About 200,000 people were killed at the peak of the conflict in the 1990s, estimates from international non-governmental organizations show.
Hundreds of people were killed in a series of suicide bombings in 2008 and as late as the first half of last year, there were regular bombings and attacks on police or army convoys.
An ambush in October that killed 7 police officers was the only big attack since July. The coordinator of the UN’s al-Qaeda and Taliban monitoring team, Richard Barrett, noted the reduction in violence in the second half of 2008.
“Ramadan — the last Ramadan in Algeria — was the quietest Ramadan they’d had for 15 years,” he said at a seminar, referring to the Muslim holy period in late August and early September, which in past years had seen an upsurge of attacks.

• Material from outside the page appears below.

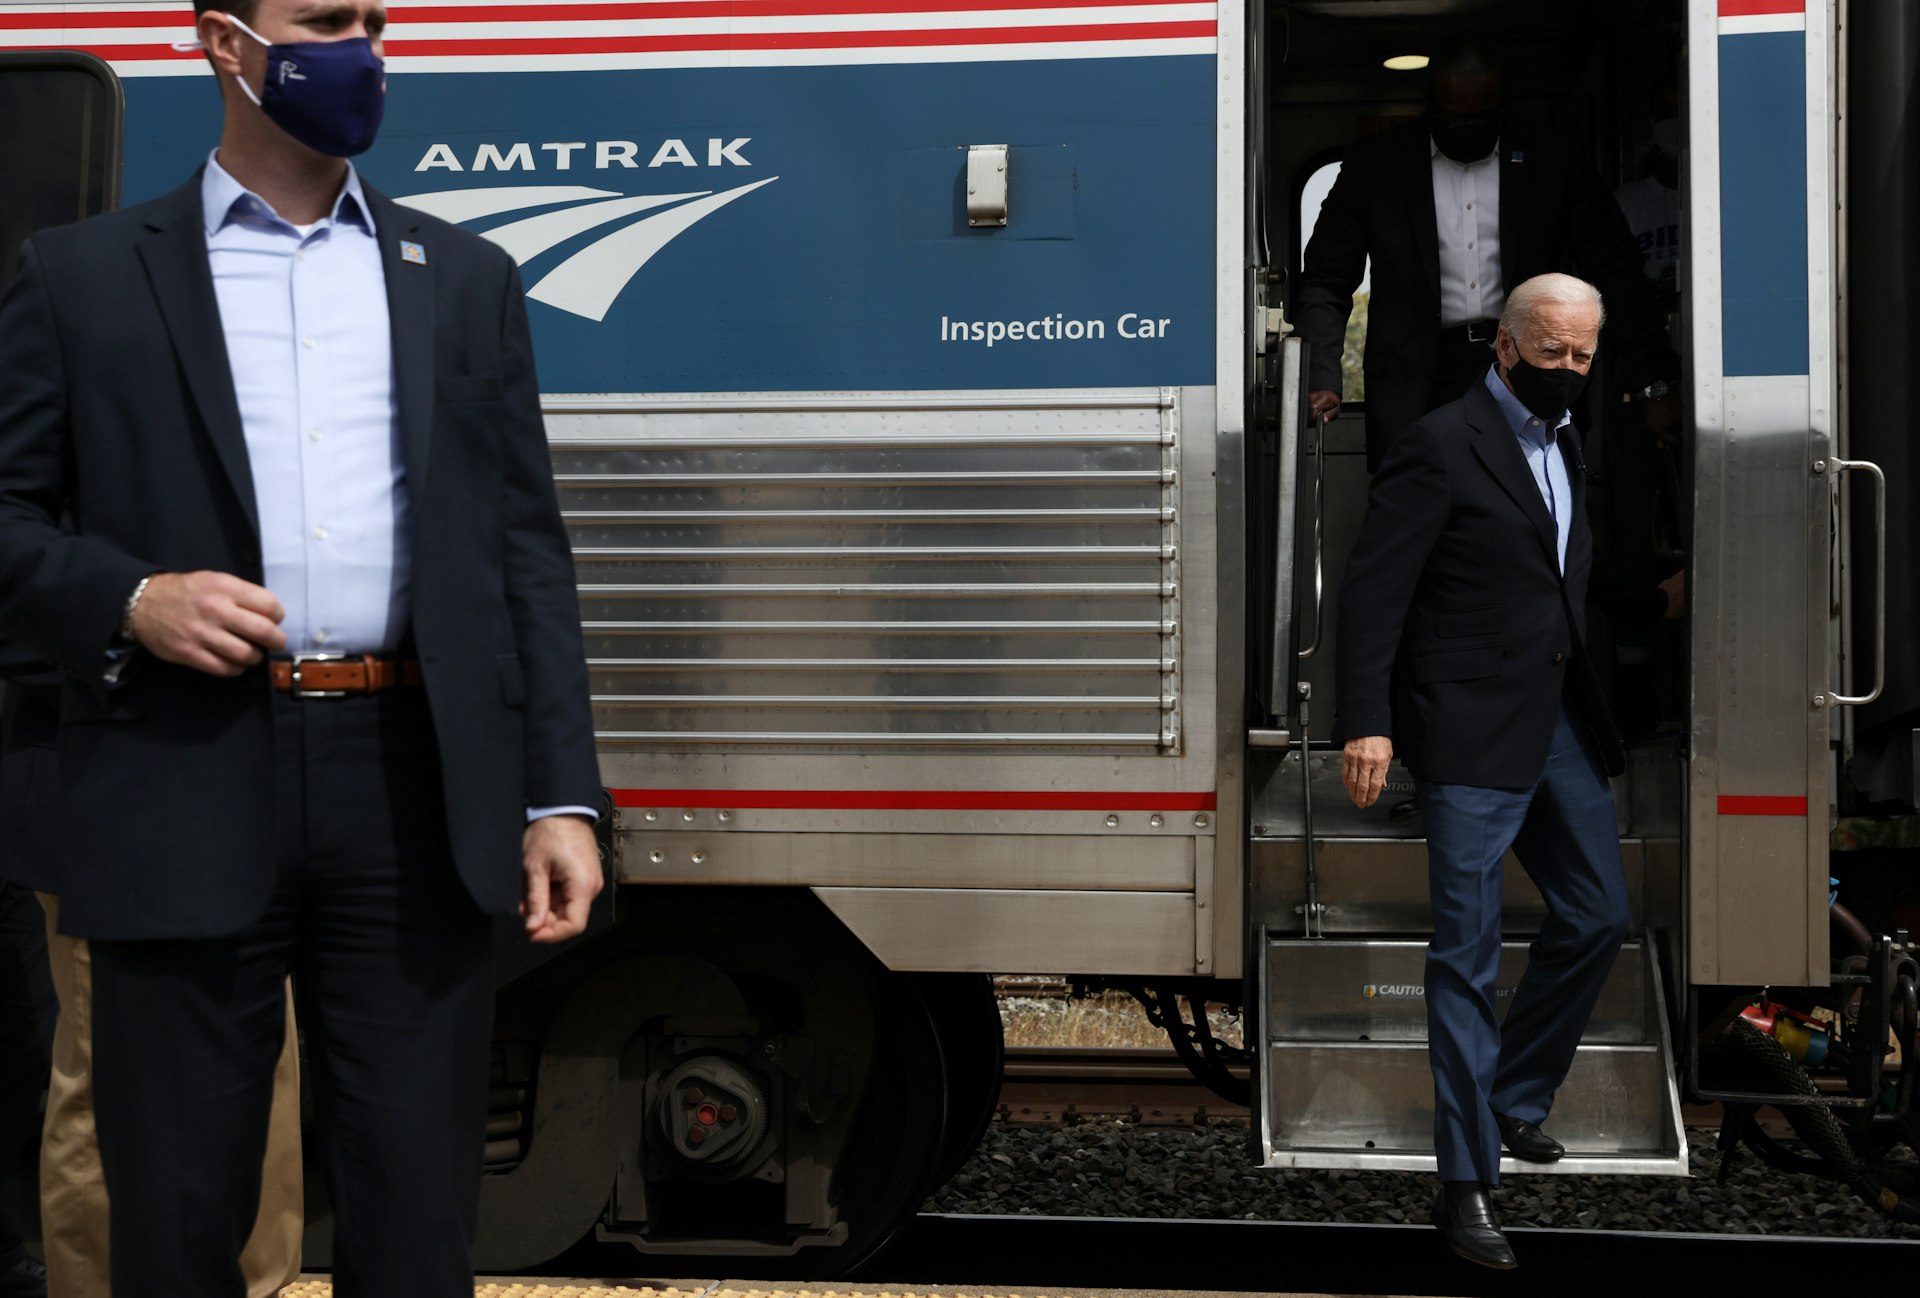 Joe Biden disembarks at a campaign stop at Alliance Amtrak Station in Alliance, Ohio. A secret service man is positioned to the right of the photo and another is disembarking the train directly behind him

Evidence of the change can be found in the Kabylie region, east of the Algeria capital, which has for years been known as the “triangle of death.”
The rebels used its inaccessible mountains as their main base and residents rushed home before dark to avoid getting caught up in attacks.
Now, girls kept away from school because their parents did not want to enrage radical Islamists have resumed their studies.
In a hotel in the Kabylie region town of Boumerdes, the lobby has a prominently signposted bar — unthinkable a few years ago because the militants forbade alcohol.
The violence has not been stamped out. In isolated areas away from the capital there are sporadic attacks on government targets.
In Algiers itself, several Western embassies last month stepped up their already tight security in the run-up to the Dec. 11 anniversary of a 2007 truck bombing of the UN office in the city.
Outside the US embassy on the day of the anniversary, heavy vans and jeeps with diplomatic plates were parked across the entrance to stop any vehicles approaching.
However, most commentators say that the Islamist insurgency has been severely weakened.
“The loss of popular support has been the key factor behind AQIM’s defeat,” said Sheikh Yahya, a former regional commander of Islamist rebels in northern Algeria who surrendered in 2001 under a government amnesty.
“Secondly, several fatwa [religious orders] issued by well known and respected Islamic clerics encouraged fighters to lay down their arms,” he said at his home in a village in the Bouira region, a former insurgent strong-hold.